Data-Juicer: A One-Stop Data Processing System for Large Language Models

The immense evolution in Large Language Models (LLMs) has underscored the importance of massive, diverse, and high-quality data. Despite this, existing open-source tools for LLM data processing remain limited and mostly tailored to specific datasets, with an emphasis on the reproducibility of released data over adaptability and usability, inhibiting potential applications. In response, we propose a one-stop, powerful yet flexible and user-friendly LLM data processing system named Data-Juicer. Our system offers over 50 built-in versatile operators and pluggable tools, which synergize modularity, composability, and extensibility dedicated to diverse LLM data processing needs. By incorporating visualized and automatic evaluation capabilities, Data-Juicer enables a timely feedback loop to accelerate data processing and gain data insights. To enhance usability, Data-Juicer provides out-of-the-box components for users with various backgrounds, and fruitful data recipes for LLM pre-training and post-tuning usages. Further, we employ multi-facet system optimization and seamlessly integrate Data-Juicer with both LLM and distributed computing ecosystems, to enable efficient and scalable data processing. Empirical validation of the generated data recipes reveals considerable improvements in LLaMA performance for various pre-training and post-tuning cases, demonstrating up to 7.45% relative improvement of averaged score across 16 LLM benchmarks and 16.25% higher win rate using pair-wise GPT-4 evaluation. The system's efficiency and scalability are also validated, supported by up to 88.7% reduction in single-machine processing time, 77.1% and 73.1% less memory and CPU usage respectively, and 7.91x processing acceleration when utilizing distributed computing ecosystems.
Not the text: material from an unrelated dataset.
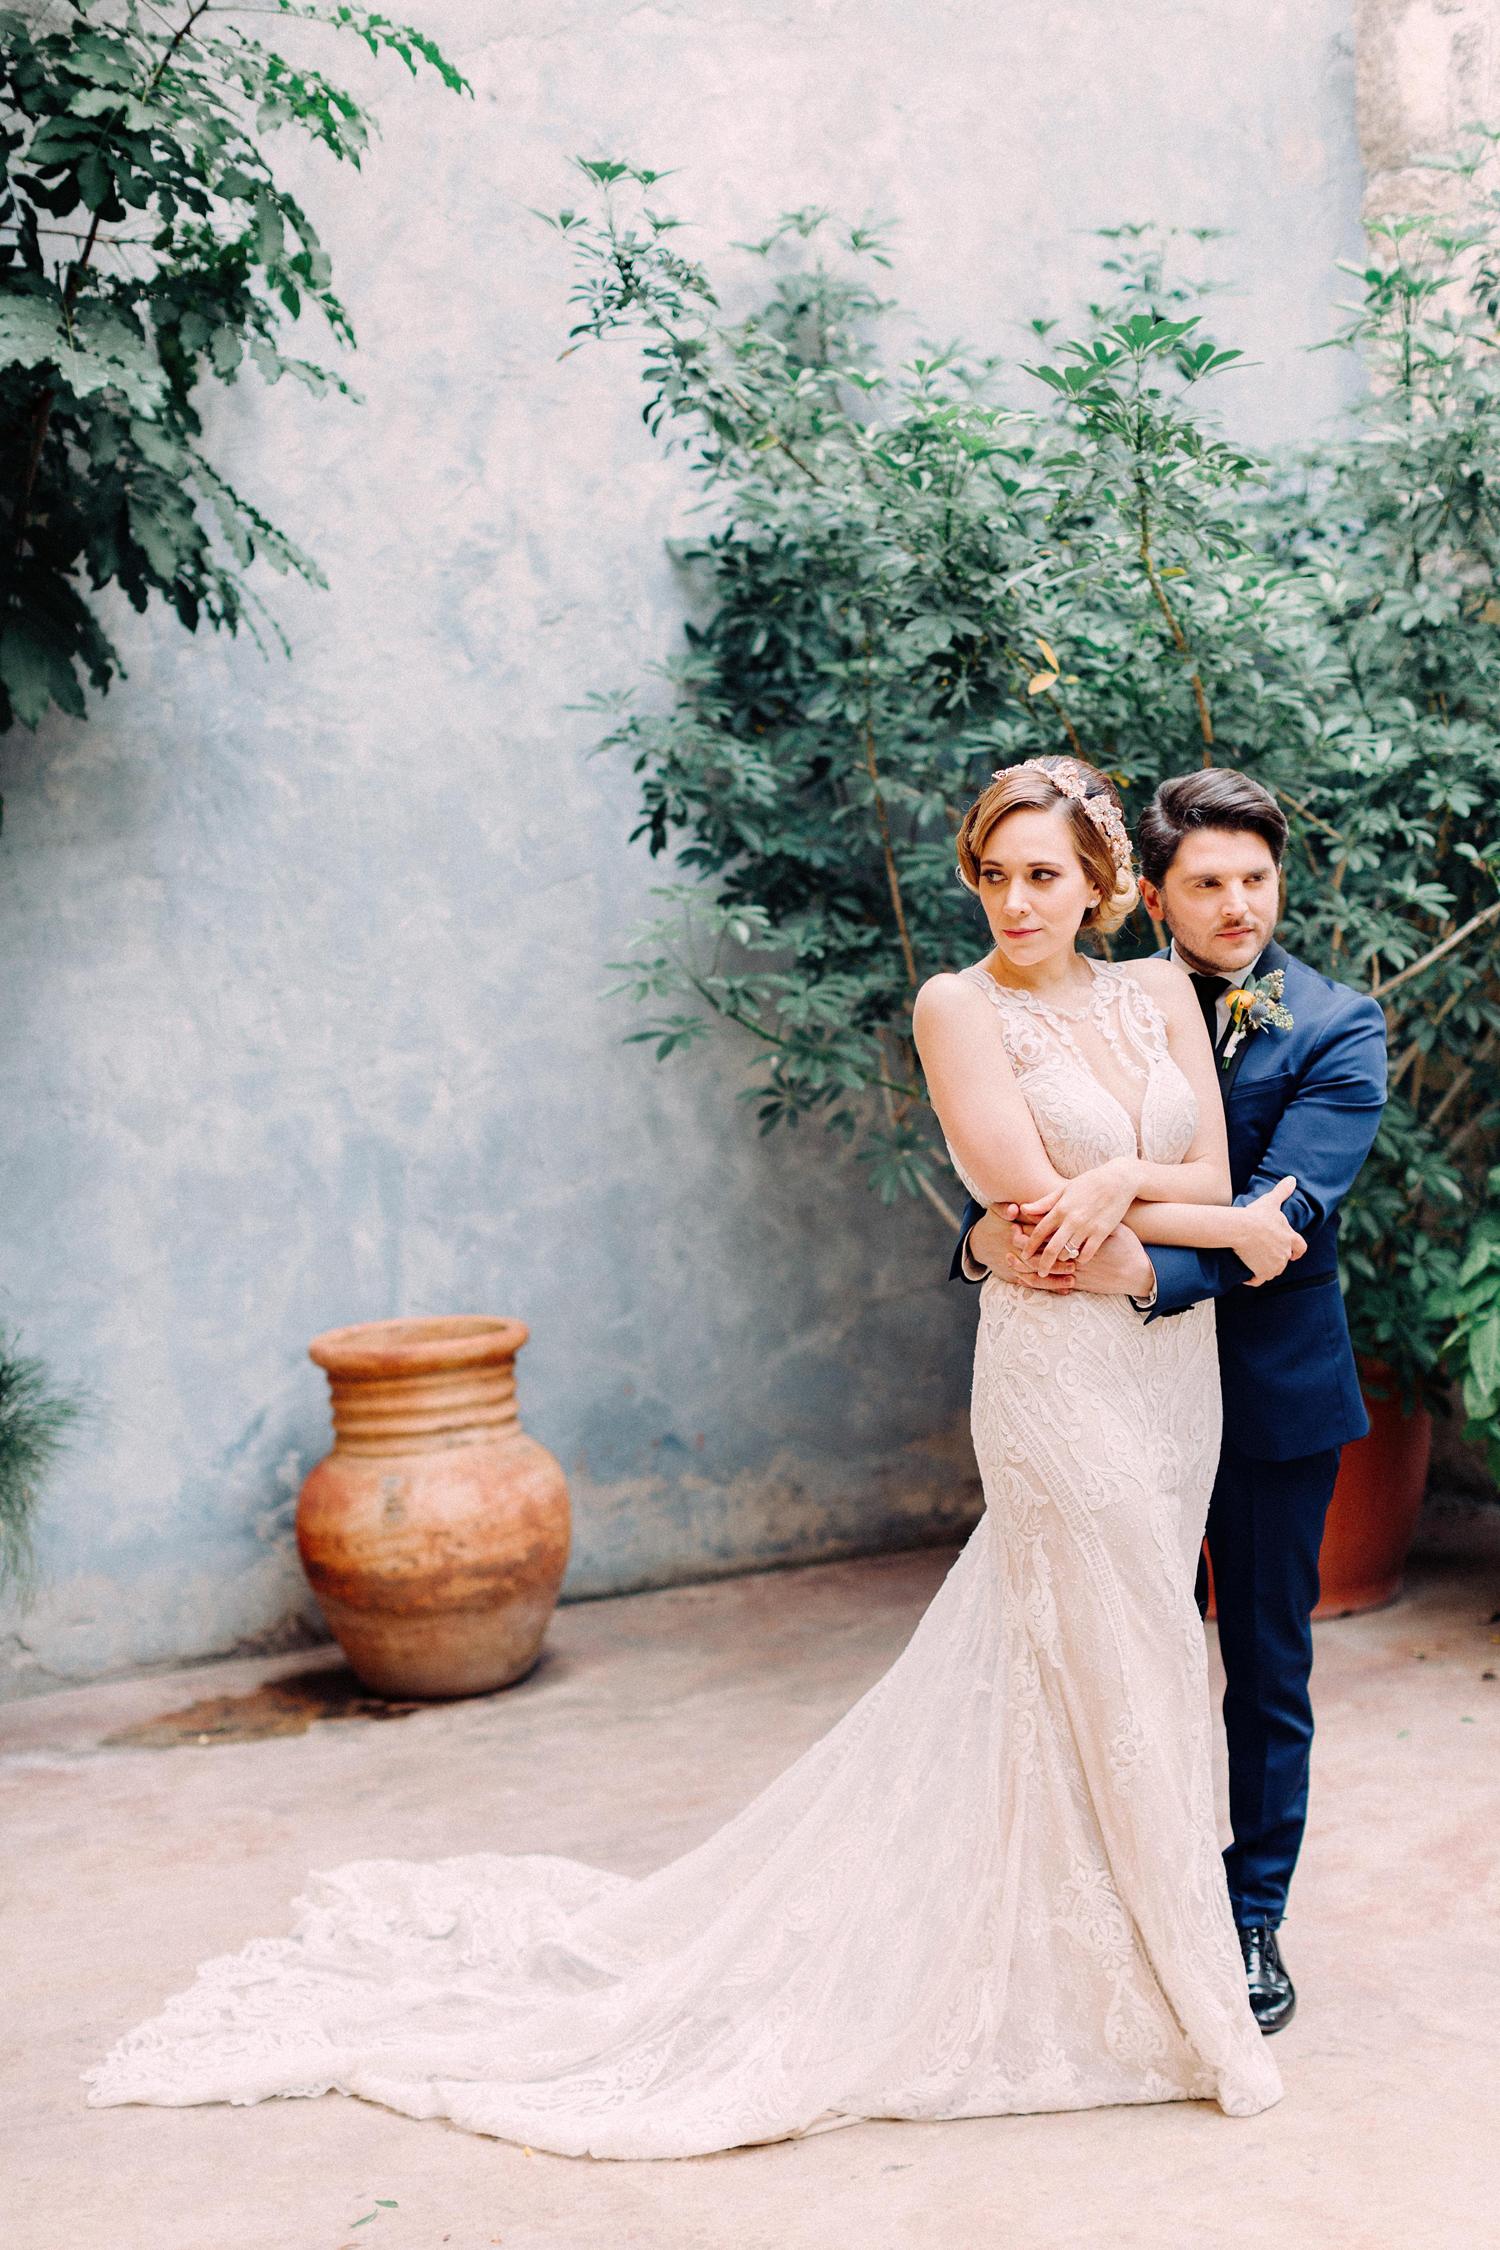 040-alaamarzouk-alaamarzoukphotography-mcallenweddingphotographer-alaa-marzouk-mcallen-mission-wedding-texas-venue-photography-wedding-california-bride-bridal-engagement-austin-elopement.jpg

Our system, data recipes, and multiple tutorial demos are released, calling for broader research centered on LLM data.

翻译：大语言模型的迅猛发展凸显了海量、多样且高质量数据的重要性。然而，现有的开源LLM数据处理工具仍存在局限，大多针对特定数据集定制，侧重于发布数据的可复现性而非适应性与易用性，限制了潜在应用。为此，我们提出了一种功能强大、灵活易用的一站式LLM数据处理系统——Data-Juicer。该系统内置50多个多功能算子与可插拔工具，通过模块化、可组合性与可扩展性的协同设计，满足多样化的LLM数据处理需求。结合可视化与自动评估能力，Data-Juicer能够实现及时反馈循环，加速数据处理并获取数据洞察。为提升易用性，Data-Juicer为不同背景的用户提供开箱即用的组件，以及面向LLM预训练与后调优的丰富数据配方。此外，我们采用多维度系统优化，将Data-Juicer与LLM及分布式计算生态系统无缝集成，实现高效可扩展的数据处理。基于生成数据配方的实证验证表明，在多种预训练与后调优场景下，LLaMA性能获得显著提升：在16项LLM基准测试中平均得分相对提升达7.45%，基于成对GPT-4评估的胜率提高16.25%。系统效率与可扩展性亦得到验证，单机处理时间降低88.7%，内存与CPU使用率分别减少77.1%和73.1%，利用分布式计算生态系统可实现7.91倍的处理加速。我们已开源该系统、数据配方及多项教程示例，旨在推动以LLM数据为核心的更广泛研究。